The Battle of Sardis took place in 395 BC between Sparta and the Achaemenid Empire. The battle saw a confrontation between Spartan forces led by Agesilaus II and Persian troops commanded by Tissaphernes near the city of Sardis, the administrative center of Persian Asia Minor.

== Background ==
Following the end of the Peloponnesian War (404 BC), Sparta emerged as the dominant Greek power but soon faced widespread opposition due to its aggressive policies in Greece and Asia Minor.

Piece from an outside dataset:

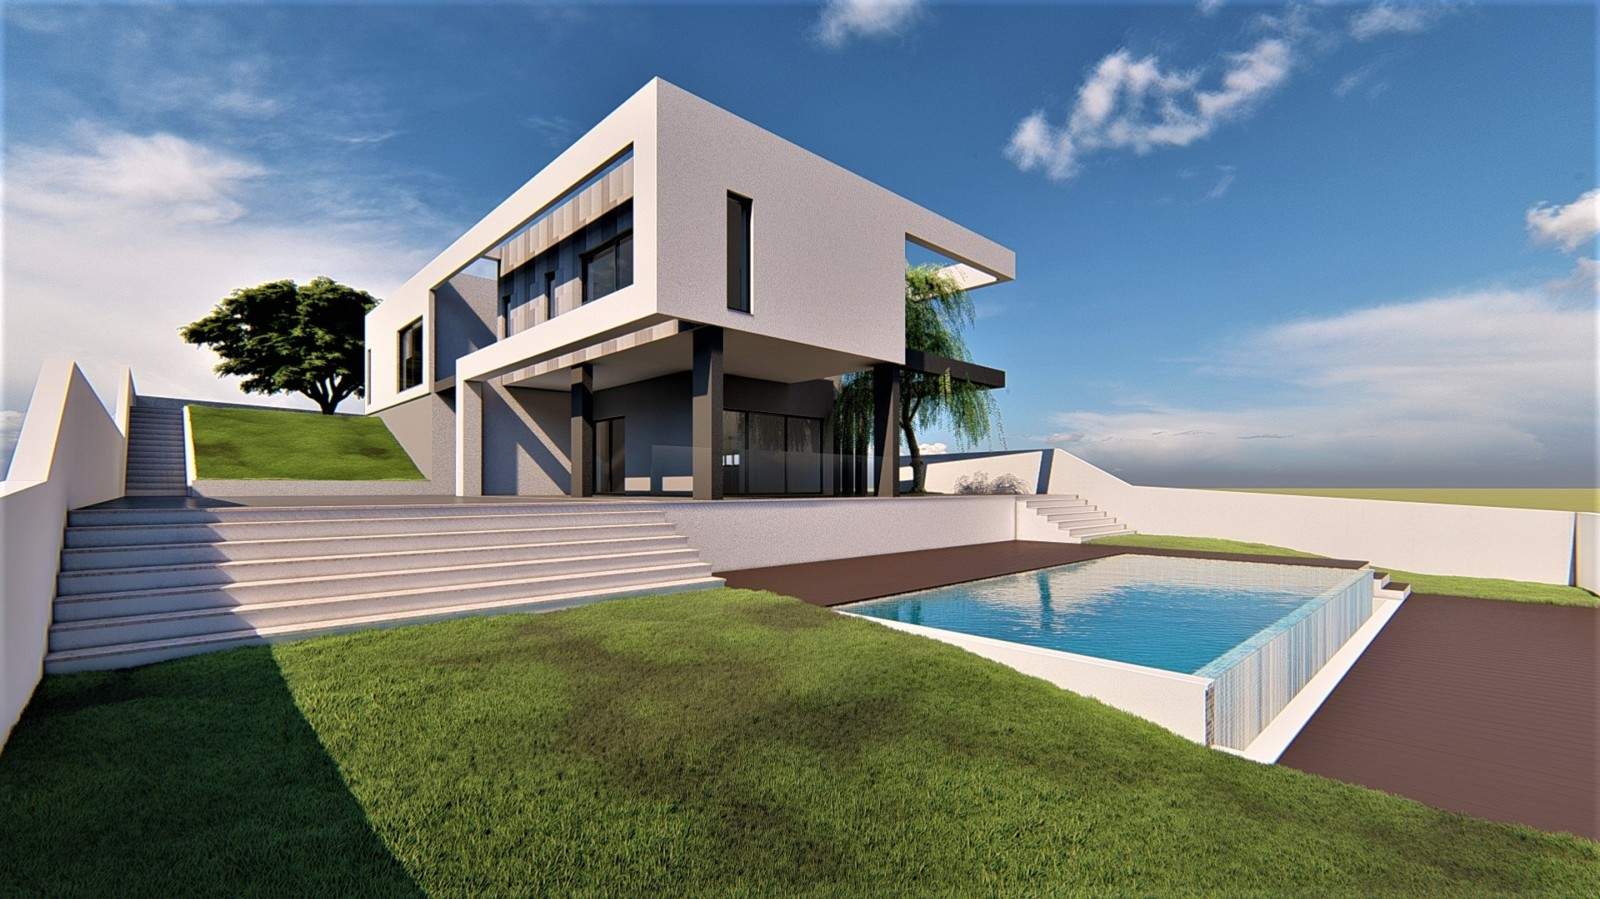 Villa de 3 dormitorios en construcción en venta, en Vilamoura, Algarve_213464

Seeking to curtail Persian influence in Ionia, Lysander, the famed Spartan admiral who had orchestrated Athens’ defeat in 404 BC, sought to rally Greek cities against Persia.

According to the treaties signed in 412 and 411 between Sparta and the Persian Empire, the latter became the overlord of the Greek city-states of Asia Minor. In 401, these cities and Sparta supported the bid of Cyrus the Younger (the Persian Emperor's younger son and a good friend of Lysander) against his elder brother, the new emperor Artaxerxes II, who nevertheless defeated Cyrus at Cunaxa. As a result, Sparta remained at war with Artaxerxes, and supported the Greek cities of Asia, which fought against Tissaphernes, the satrap of Lydia and Caria. In 397 Lysander engineered a large expedition in Asia headed by Agesilaus, likely to recover the influence he had over the Asian cities at the end of the Peloponnesian War. In order to win the approval of the Spartan assembly, Lysander built an army with only 30 Spartiates (full Spartan citizens), so the risk would be limited; the bulk of the army consisted of 2,000 neodamodes (freed helots) and 6,000 Greek allies. In addition, Agesilaus obtained the support of the oracles of Zeus at Olympia and Apollo at Delphi.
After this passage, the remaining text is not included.